NO MOVEMENT: The usually busy Fort, Colonial quarter of Sri Lanka’s capital Colombo during Coronavirus curfew.

ECONOMYNEXT – An going Coronavirus epidemic may cost Sri Lanka up to 1.5 percent in economic growth in 2020, the Asian Development Bank said as fears over monetary stability continued to grow with large liquidity injections being made into the credit system.

Sri Lanka would grow around 3.5 to 4.0 percent in 2020, the central bank had said earlier, while the International Monetary Fund was projecting 3.7 percent before the Coronavirus hit, and central bank started making large liquidity injections in February and March.
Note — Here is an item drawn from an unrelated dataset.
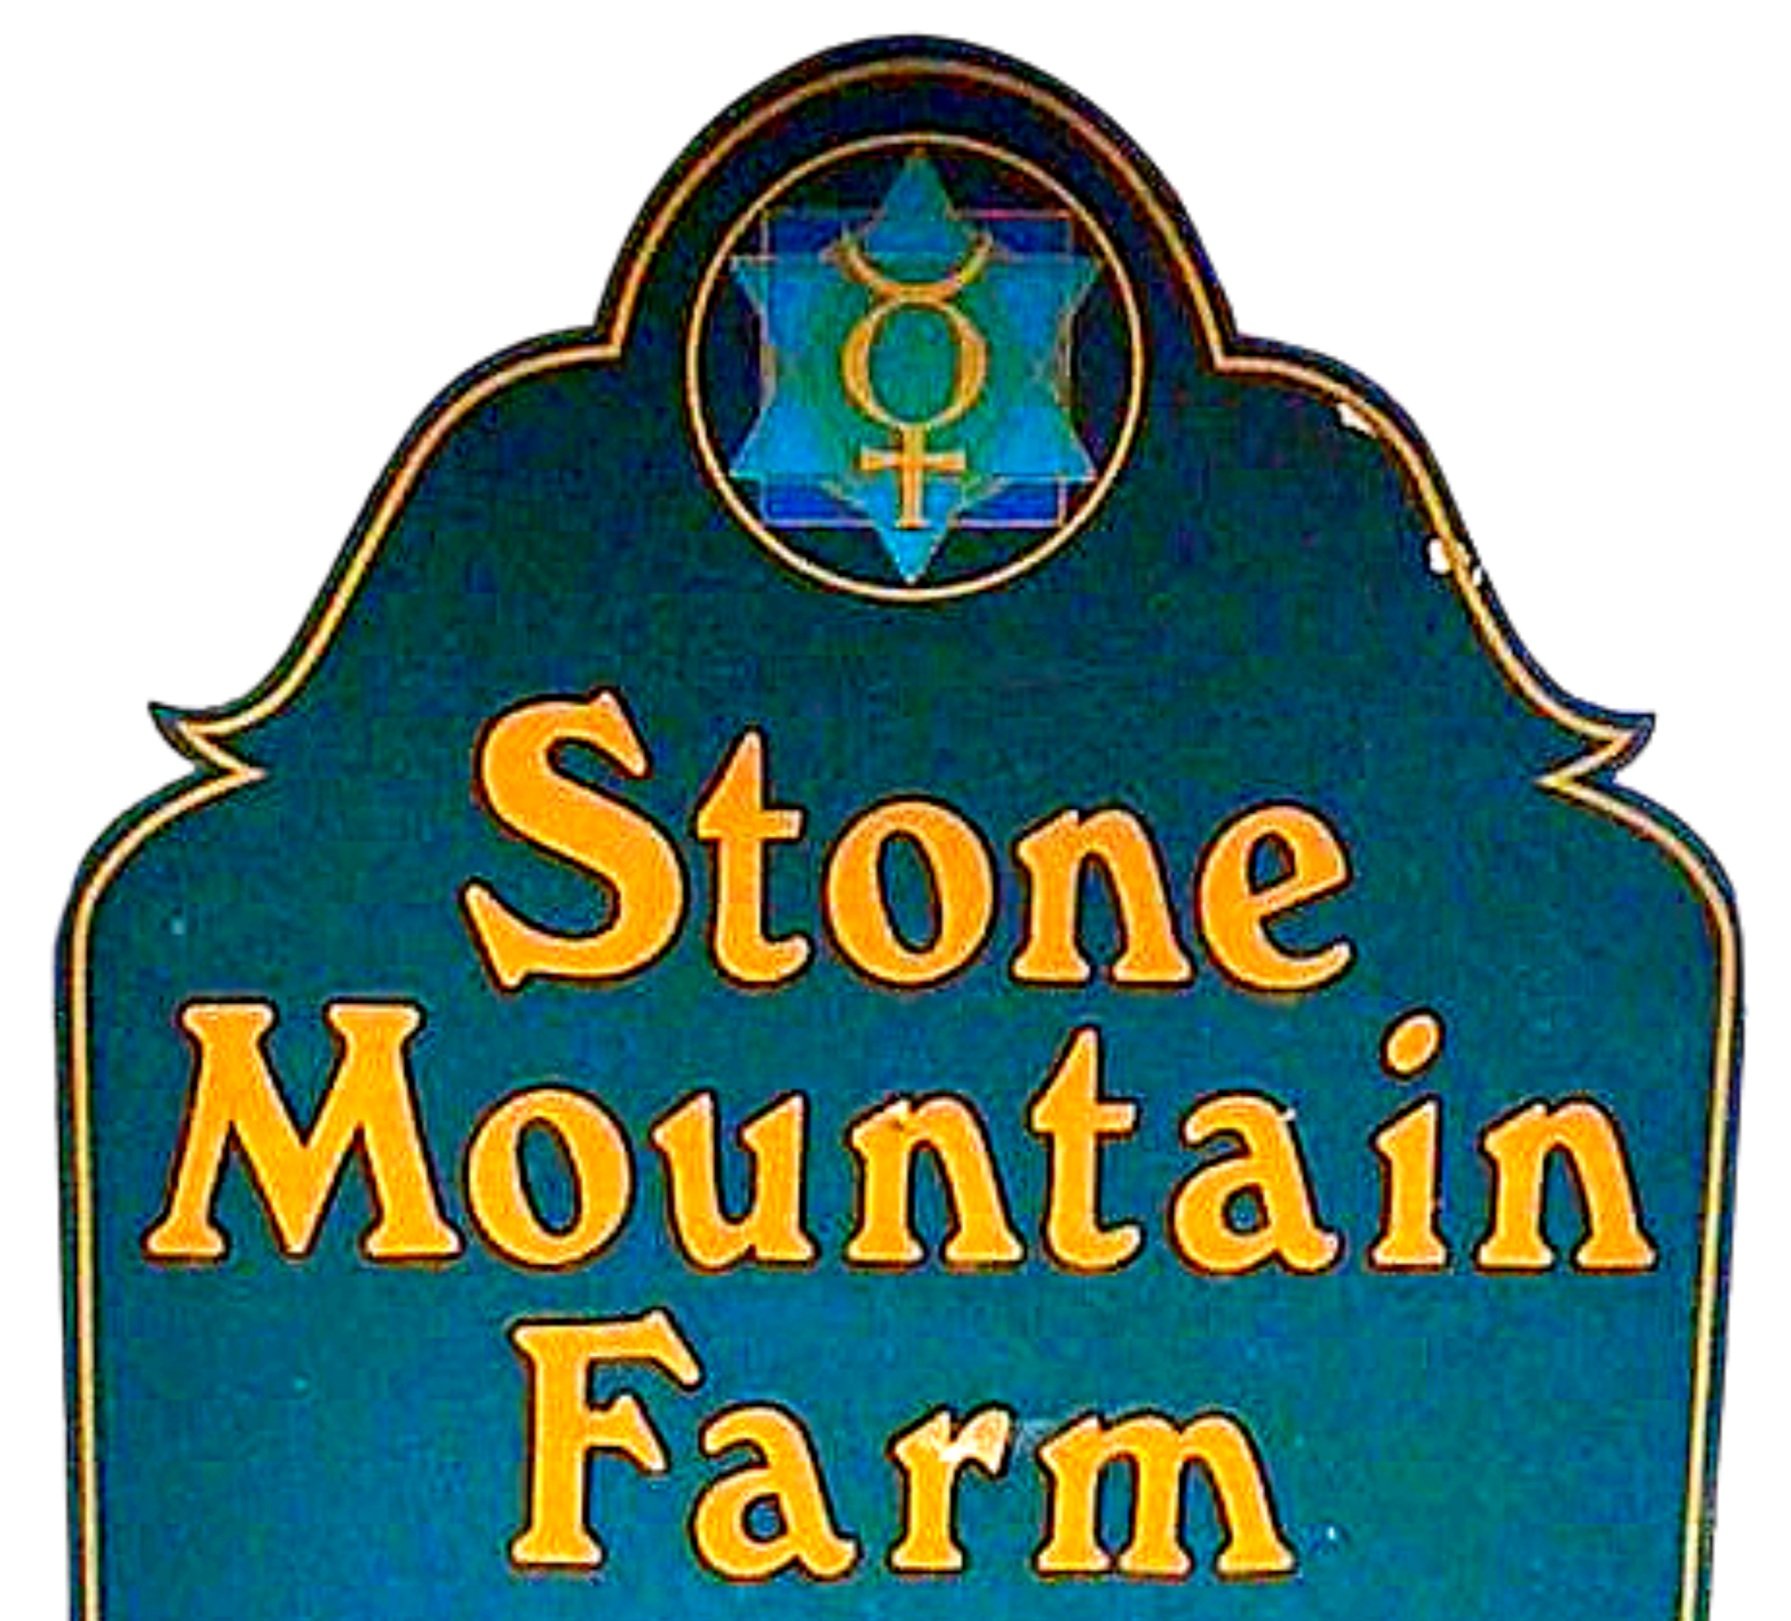  Located in the heart of the Hudson Valley, Stone Mountain farm sits, as farms should, at the end of a long winding road through the woods. The farm is a hub for the performing arts, an intentional community, and puts the land first.

“The projected slowdown is in sharp contrast to earlier signs of a growth rebound in 2020,” ADB’s Senior Country Economist for Sri Lanka Utsav Kumar said after the agency’s Asian Development Outlook report was released.

“COVID-19 and the measures required to contain it have curtailed movement of labor, disrupted livelihoods and supply chains, and created cash flow problems for businesses, representing simultaneous demand and supply shocks.

“So, the longer this disruption lasts the greater the risk to Sri Lanka’s growth prospects.”

The ADB said health spending will add new pressure to the to the budget and tax revenues would also be lower.

“This will push the fiscal deficit up, amid already high public debt and external refinancing needs. Export and tourism earnings, as well as remittances will weaken amid a global slowdown,” the ADB said.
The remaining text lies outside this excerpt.